EXERCISE REQUIREMENTS
Go through the listing below and write out exactly the lines from the one that mentions "Jahrgang 1954 monopol" through the one that mentions "Mastering Microsoft Project", minus the pictures.

INFORMATION PROVIDED
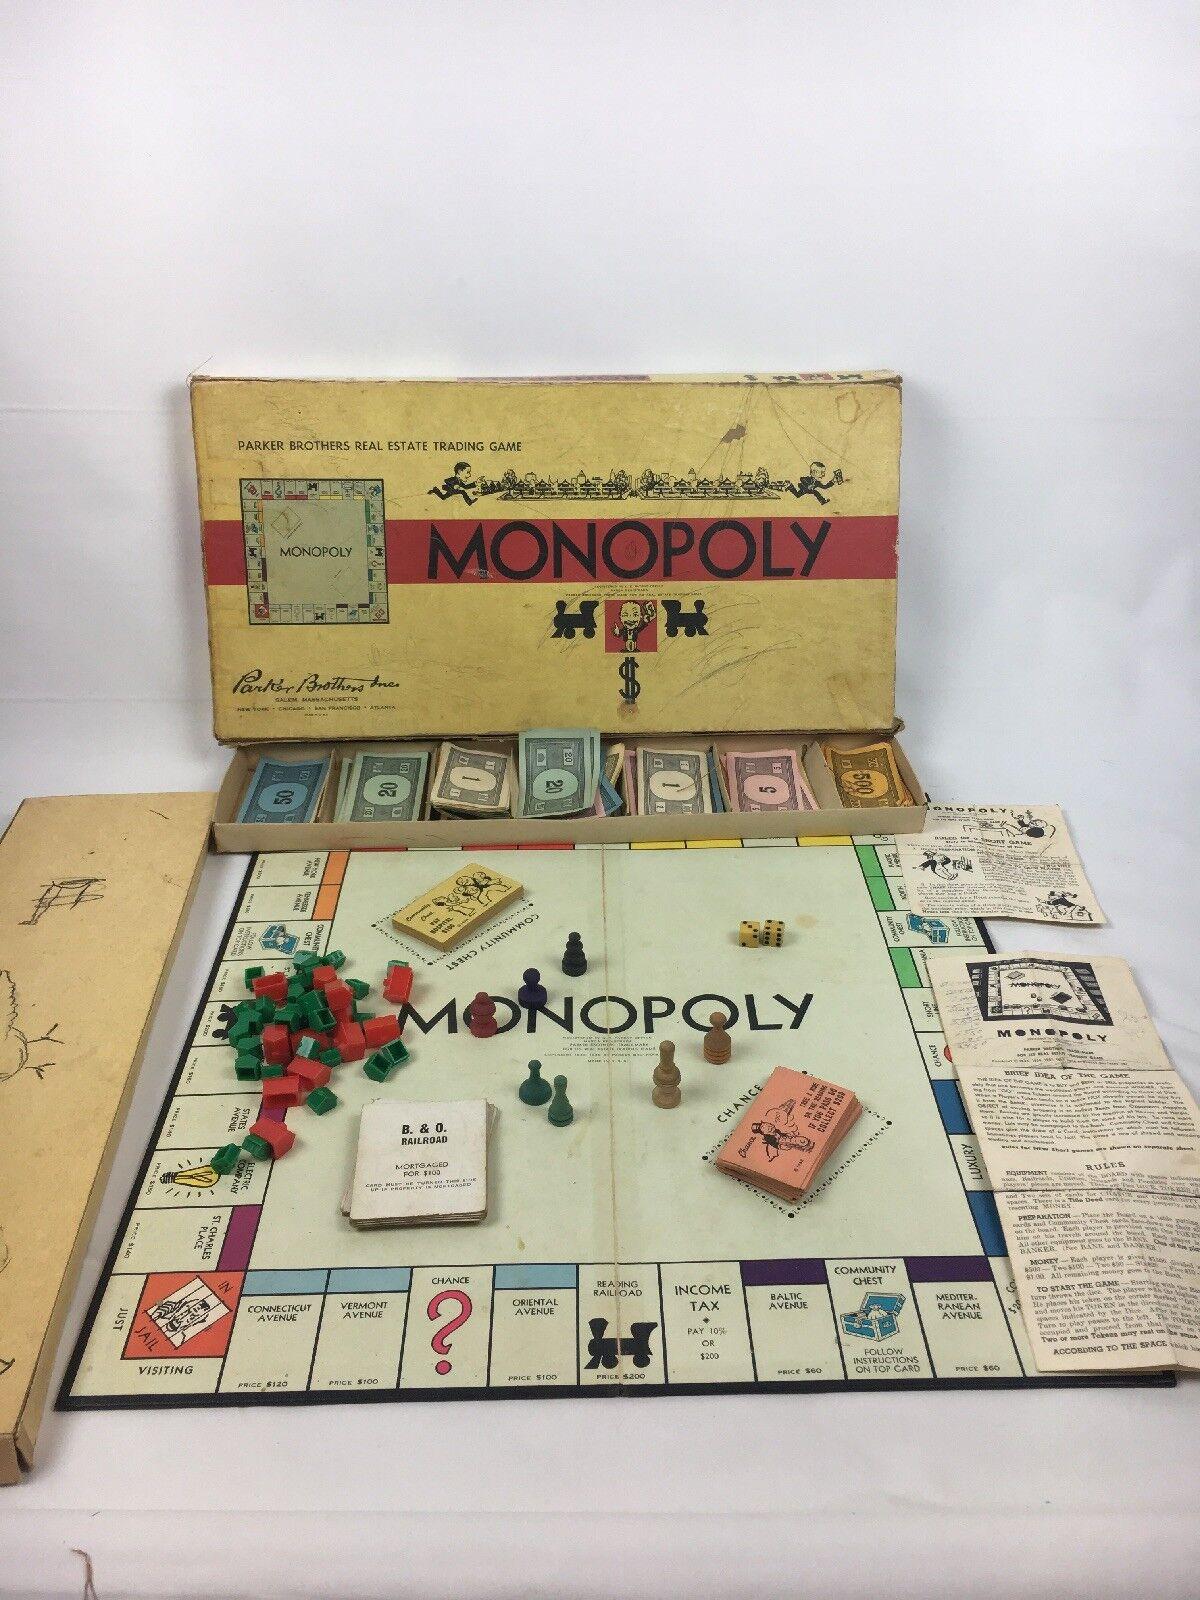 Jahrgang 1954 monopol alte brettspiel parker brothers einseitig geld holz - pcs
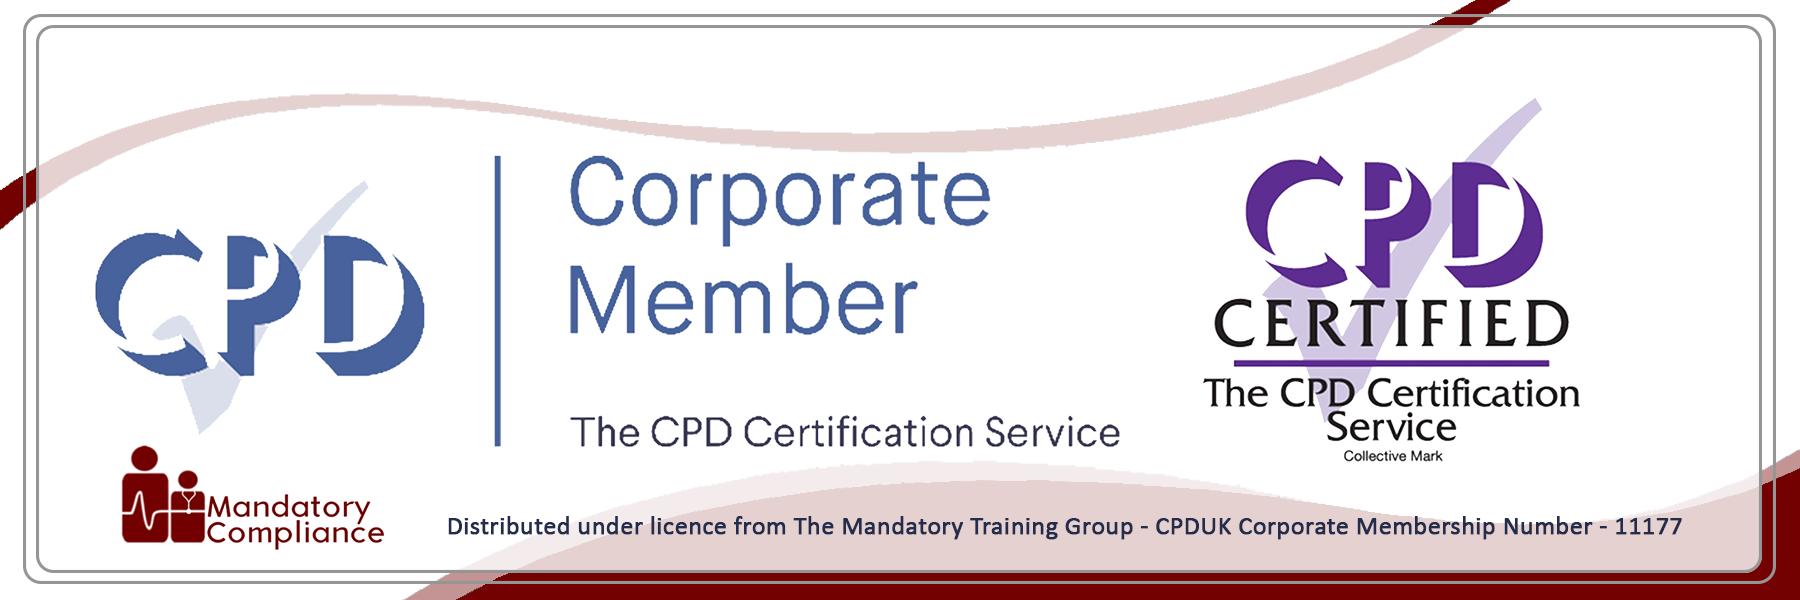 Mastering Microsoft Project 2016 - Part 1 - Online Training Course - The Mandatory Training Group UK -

...

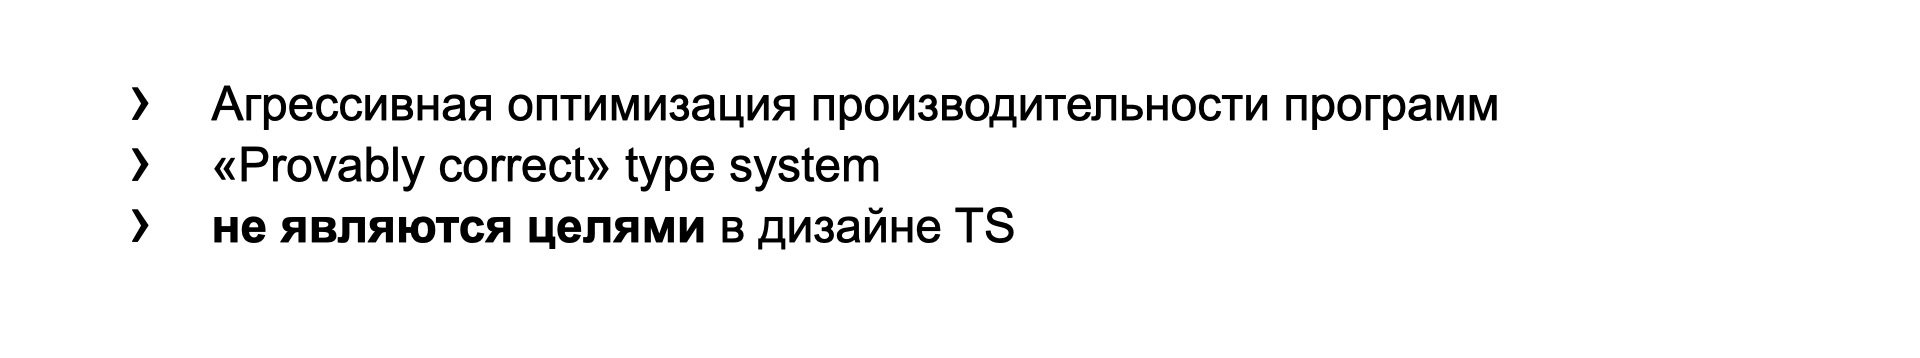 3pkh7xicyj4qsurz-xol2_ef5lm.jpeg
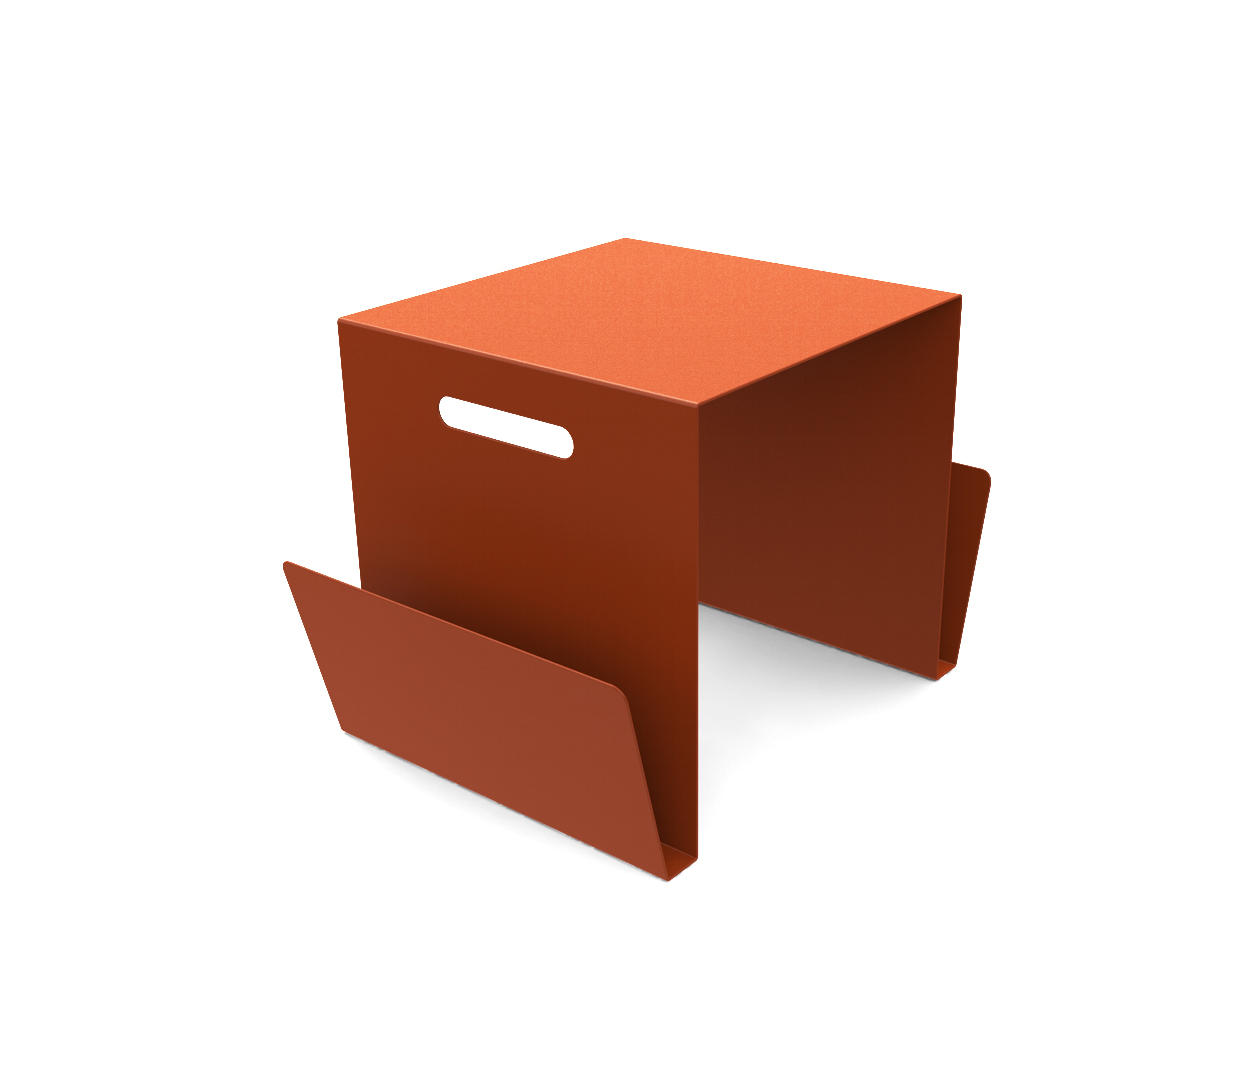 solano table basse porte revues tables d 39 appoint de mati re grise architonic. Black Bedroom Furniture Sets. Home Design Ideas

EXERCISE OUTPUT
 Jahrgang 1954 monopol alte brettspiel parker brothers einseitig geld holz - pcs
 Mastering Microsoft Project 2016 - Part 1 - Online Training Course - The Mandatory Training Group UK -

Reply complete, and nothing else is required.